Even though attempts have been made in the past few years to either transfer or sell
the property at 333 Kingscourt, it is still owned by Bridge House and remains vacant. In
August 2011, the property was re-zoned as a crisis care centre with the permitted use
as an emergency shelter facility. The zoning was amended as a result of a shelter
agency which was interested in acquiring the property.
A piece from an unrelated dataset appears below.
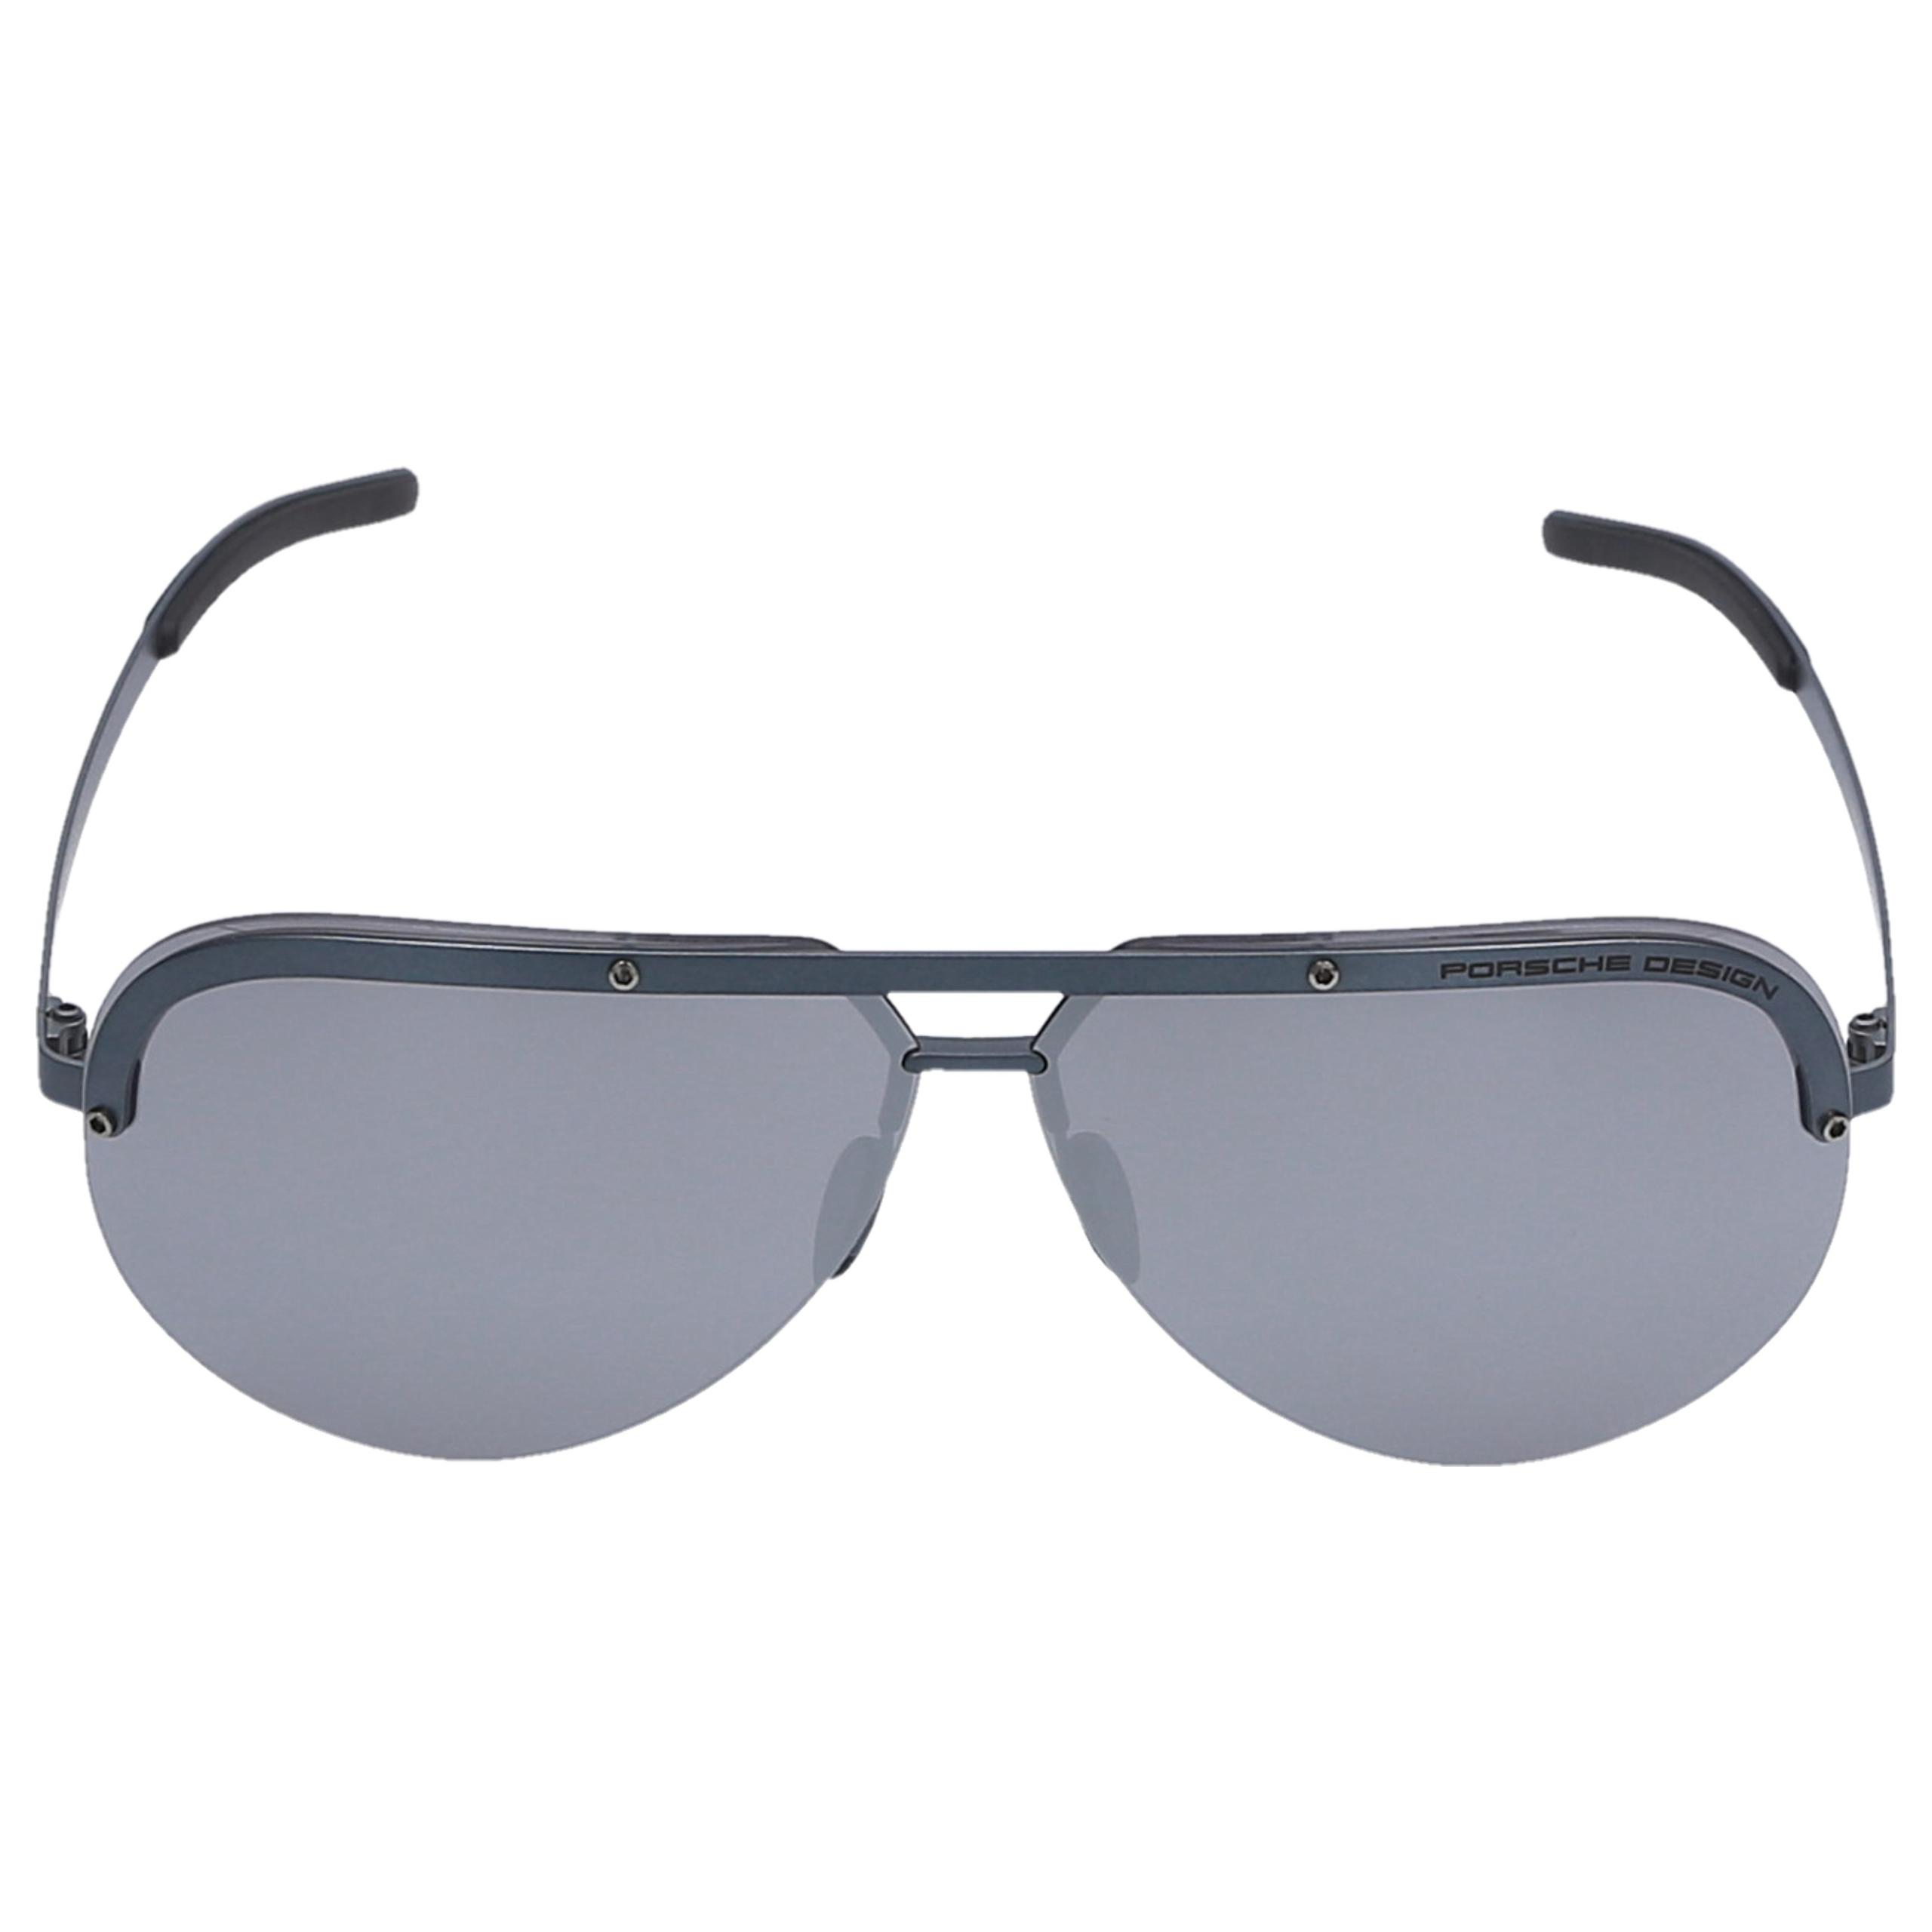 Sonnenbrille Aviator P8693 D 67/08 Metall grau

This proposal was withdrawn.
Recognizing the current housing crisis in the City of Kingston and the subsequent need
for additional shelter beds, the Bridge House Board of Directors asked that the City
approach the other shelters in the City to see if they may be interested in purchasing
333 Kingscourt Avenue to provide an emergency shelter facility in the City of Kingston.
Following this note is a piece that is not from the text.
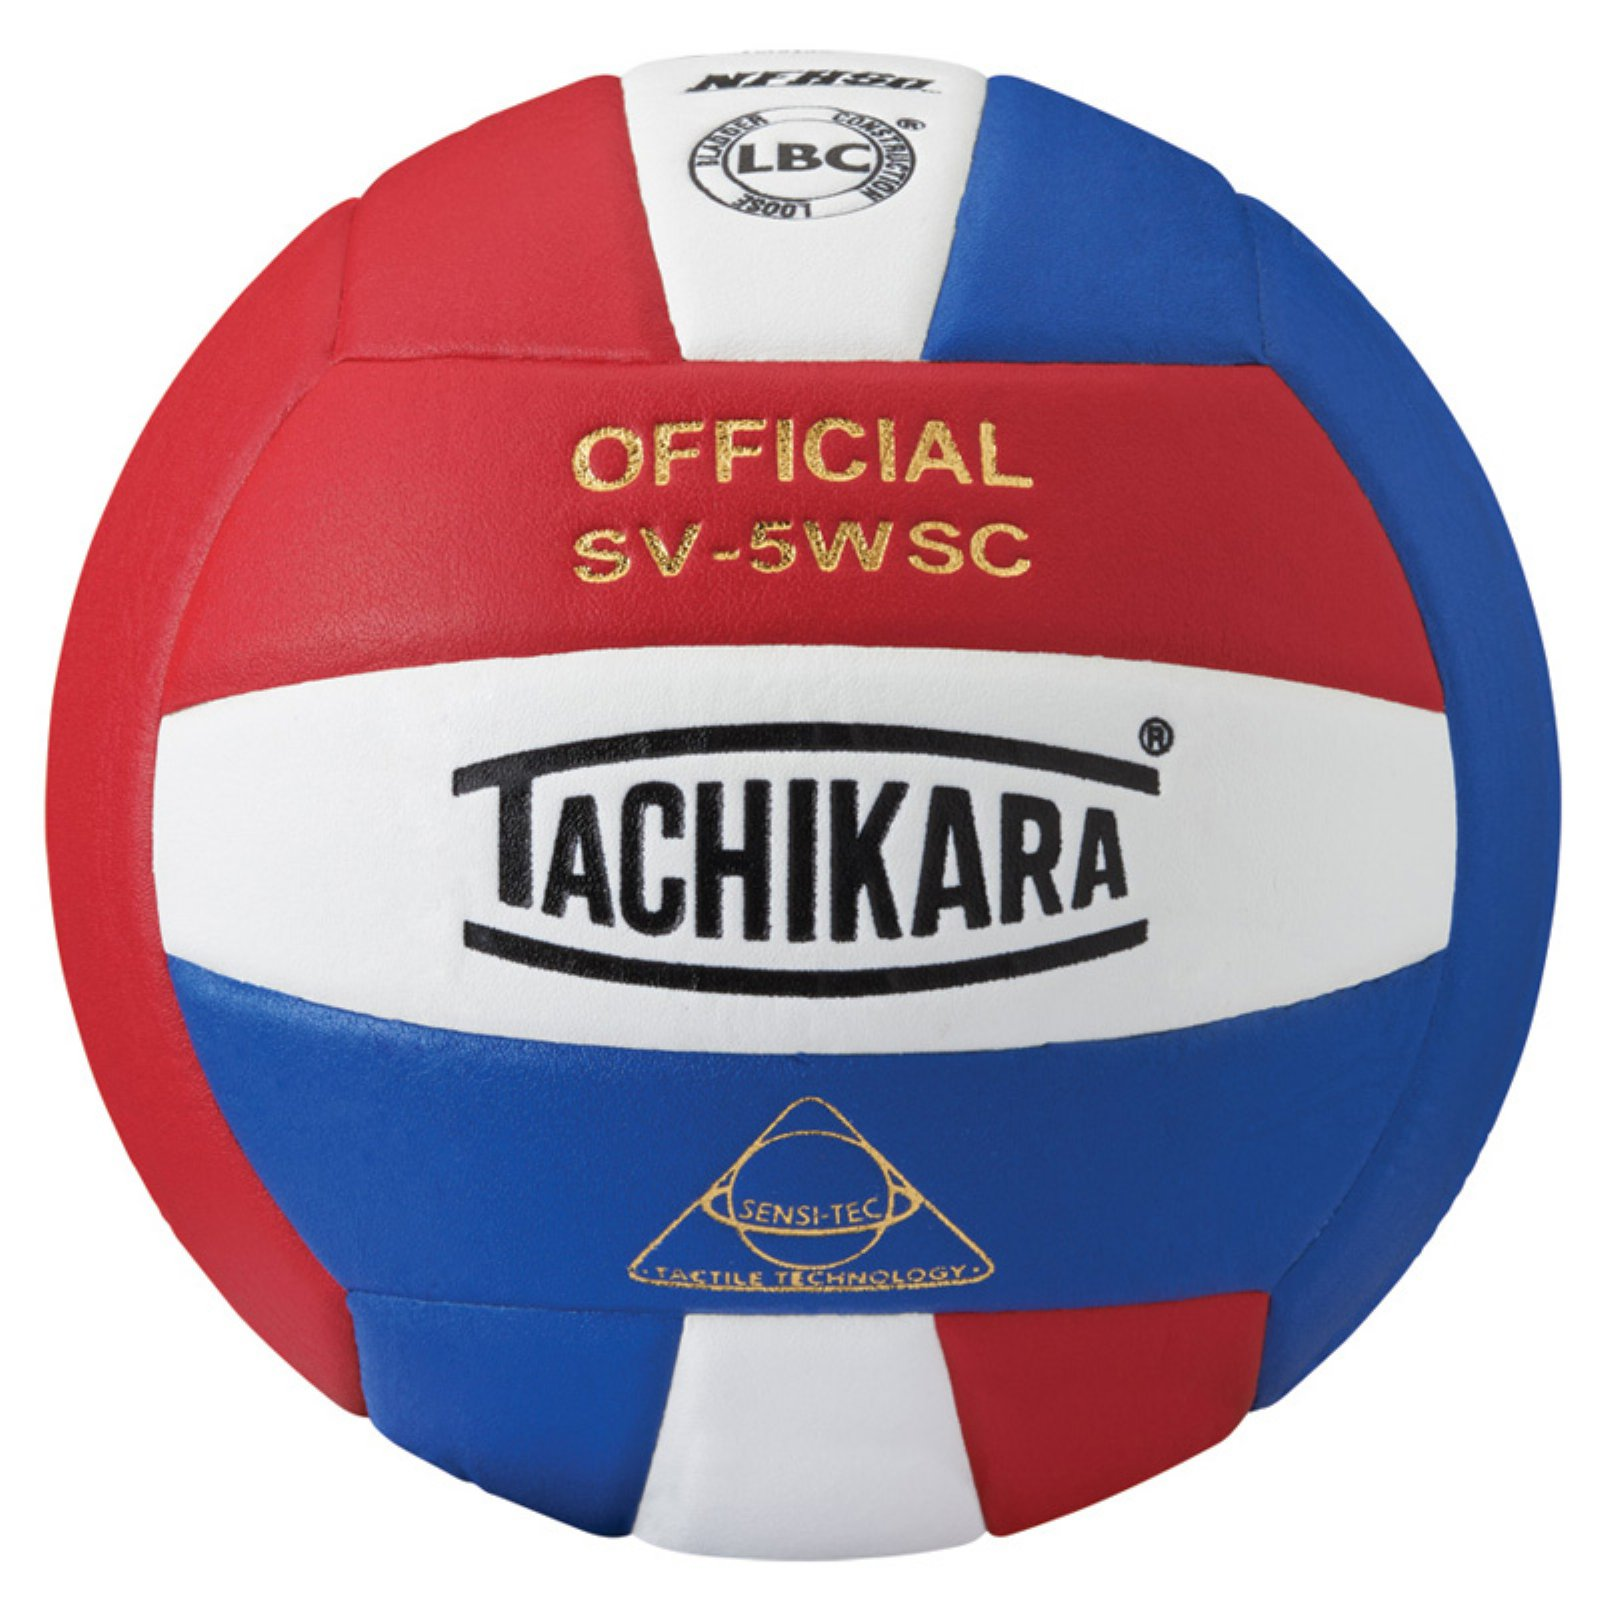 Tachikara SV5WSC Sensi-Tec Composite Volleyball

On behalf of the Bridge House Board, an Expression of Interest was issued to the
emergency shelters in the City of Kingston on October 21, 2011, to ascertain if there
was any interest in purchasing the Bridge House facility as an emergency shelter.
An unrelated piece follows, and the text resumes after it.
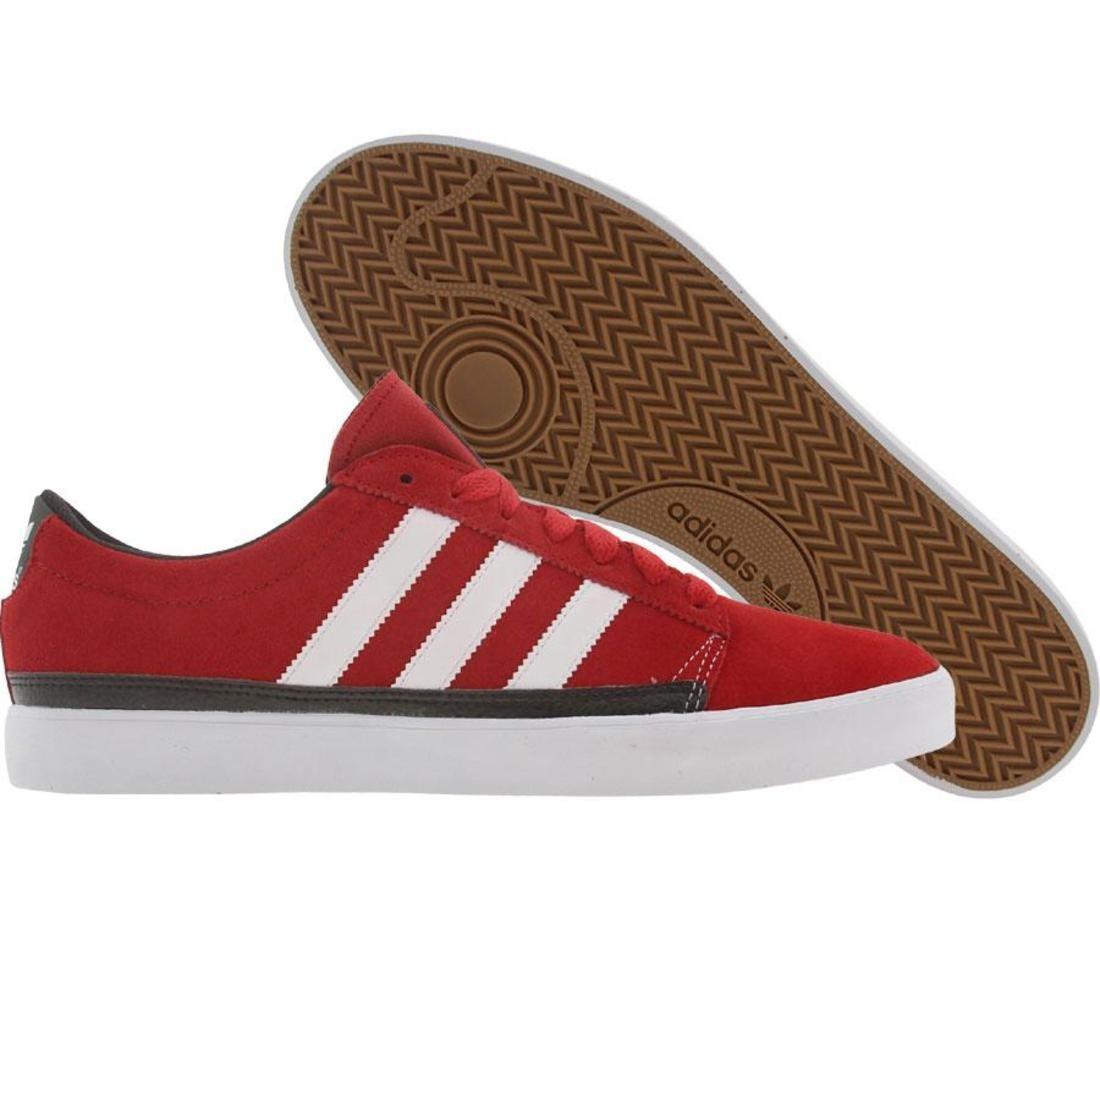 Adidas Skate Rayado Low (university red   runninwhite   black) e4ab48473

In response to this Expression of Interest, Home Base Housing has put forth a proposal
to purchase the property and to open a 12 to14 bed emergency shelter facility for
women, mothers and their children and fathers with children under the age of 16 years.
Home Base Housing‟s vision for the facility includes the following services:
        Support services for residents to assist them in working through the barriers that
        prevent them from securing long-term housing;
        A family suite to accommodate a family of up 5 children and their parents;
        Plans for an accessible unit for disabled clients;
        A resource centre equipped with phone, computers and meeting space to assist
        clients in their housing searches;
        Access to the Hostel Case Manager currently located at the Housing Help
        Centre who would assist clients in obtaining permanent housing;
        Counselling - one on one and group sessions geared to residents‟ needs;
        Resource Centre open to residents and former residents who continue to
        experience issues, though permanently housed, to assist them in maintaining
        their tenancy – other services available in the Resource Centre would include:
        parenting support; literacy and education support; partnerships with Queen‟s
        Sociology Department to research the root causes of homelessness and
        develop programs to address the identified issues; volunteer and community
        education.

Home Base Housing‟s proposal and vision for Kingscourt Women and Family Shelter is
attached as Exhibit „A‟ of this report.

On November 27, 2011, the Bridge House Board of Directors unanimously accepted
Home Base Housing‟s proposal to purchase 333 Kingscourt Avenue for $150,000.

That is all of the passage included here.